Bestimmt hält die Auflösung des Mysteriums logischen Überlegungen nicht gänzlich stand, doch die das Publikum für sich einnehmende Bilderflut, der zeitweise richtiggehend sinnliche Rausch, den Fulci zelebriert, lenkt geschickt davon ab. Zum Finale hin scheint es jedoch, als wollte Fulci sich besinnen, dem Zuschauer nicht zuviel zumuten oder dessen Geduld nicht überstrapazieren und ein wenig auf Kosten der Eleganz sein Werk zu einem für einen Giallo fast schon ungewöhnlich konventionellen Ende bringen. Dabei galoppiert die Dramaturgie urplötzlich davon und erweckt den Anschein, als lande man in den USA ohne Prozess in der Gaskammer. Das ist ein klein wenig schade, von meiner Warte hätte Fulci gern noch mutiger zu Werke gehen dürfen. Riz Ortolanis („Cannibal Holocaust“) gewöhnungsbedürftiger Score indes lässt keine Melancholie oder Verträumtheit, die „Nackt über Leichen“ hier und da sicherlich nicht schlecht zu Gesicht gestanden hätte, zu und setzt verstärkt auf „Swingin’ Sixties Jazzfunkgroove-Gedröhne“, oder wie auch immer man diese Musik kategorisieren möchte.
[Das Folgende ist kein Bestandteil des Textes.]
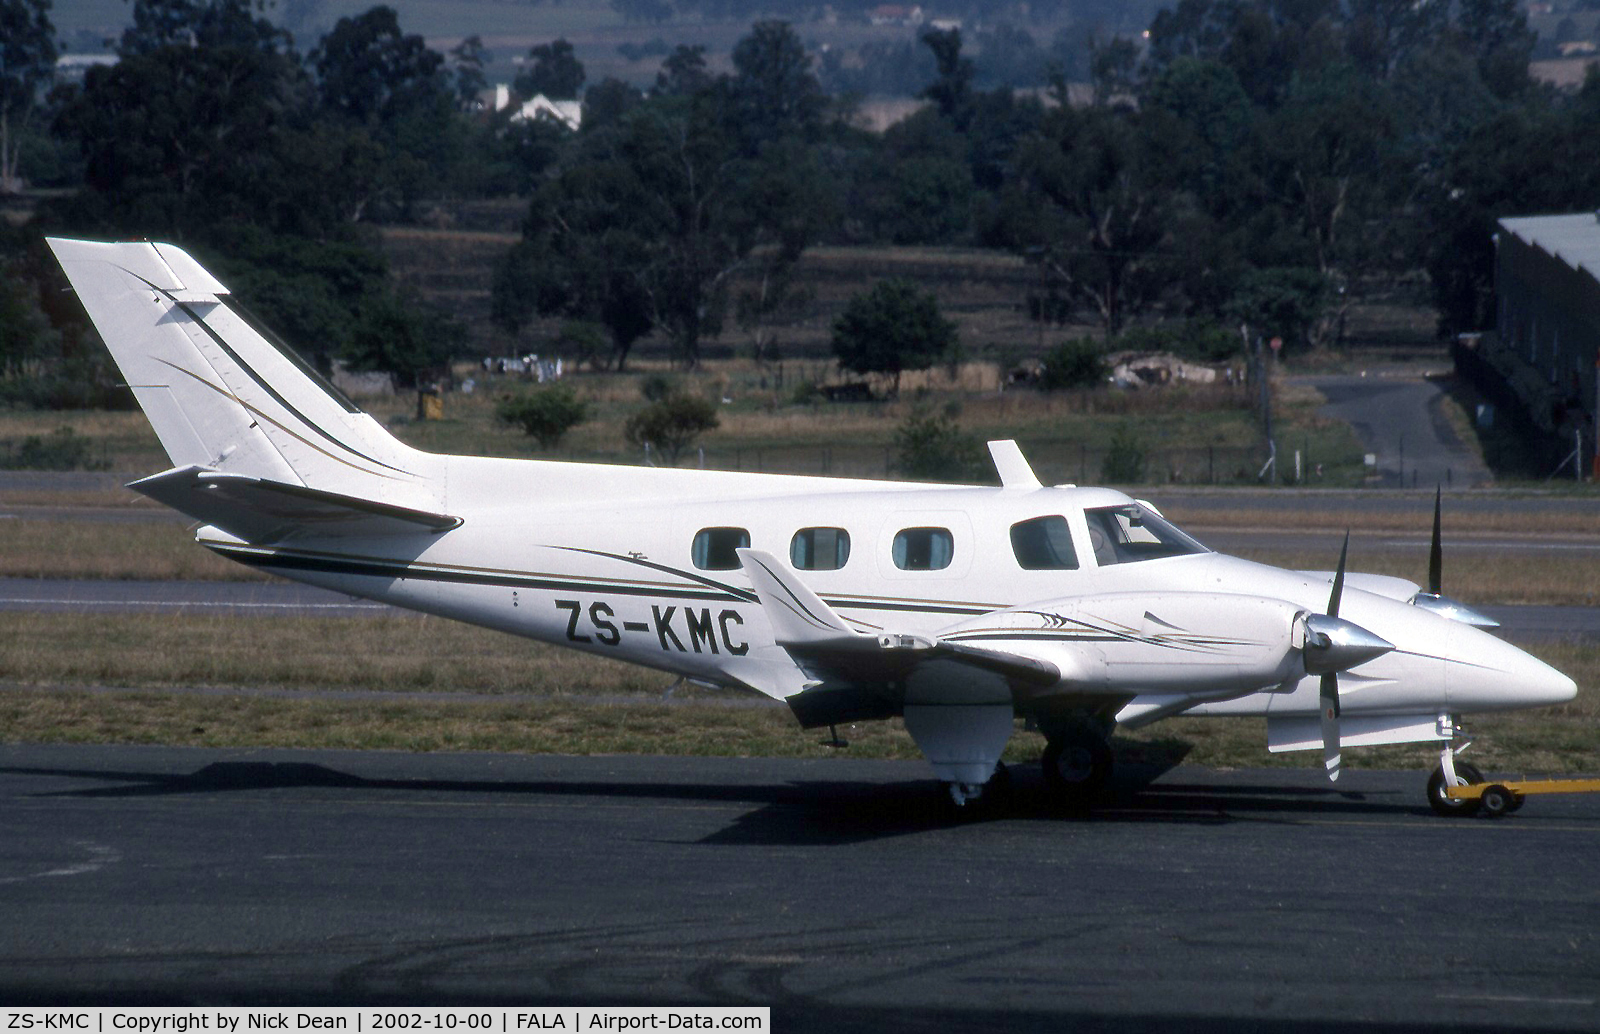 ZS-KMC, 1974 Beech B-60 Duke C/N P-286, Lanseria a great drome and going down there on Saturday again for 10 days

Es existieren unterschiedliche Schnittfassungen des Films: Während die eine mehr auf Erotik setzt, bietet die andere mehr Hintergrundinformationen die eigentliche Handlung betreffend und Einblicke in die Polizeiarbeit. Die Alternativszenen der züchtigeren Version wurden zum Teil so wunderschön und schwelgerisch gefilmt, dass ich mir fast eine integrale Schnittfassung wüschen würde, wider alle Vernunft. Unterm Strich ein absolut empfehlenswerter End-’60er-Giallo von Altmeister Fulci, dem ich sehr gerne vor dem Hintergrund der übermächtigen „Konkurrenz“, die das Genre in den 1970ern hervorbrachte, 7,5 von 10 Punkten gebe, die Italo-Verrückte bedenkenlos aufrunden dürfen.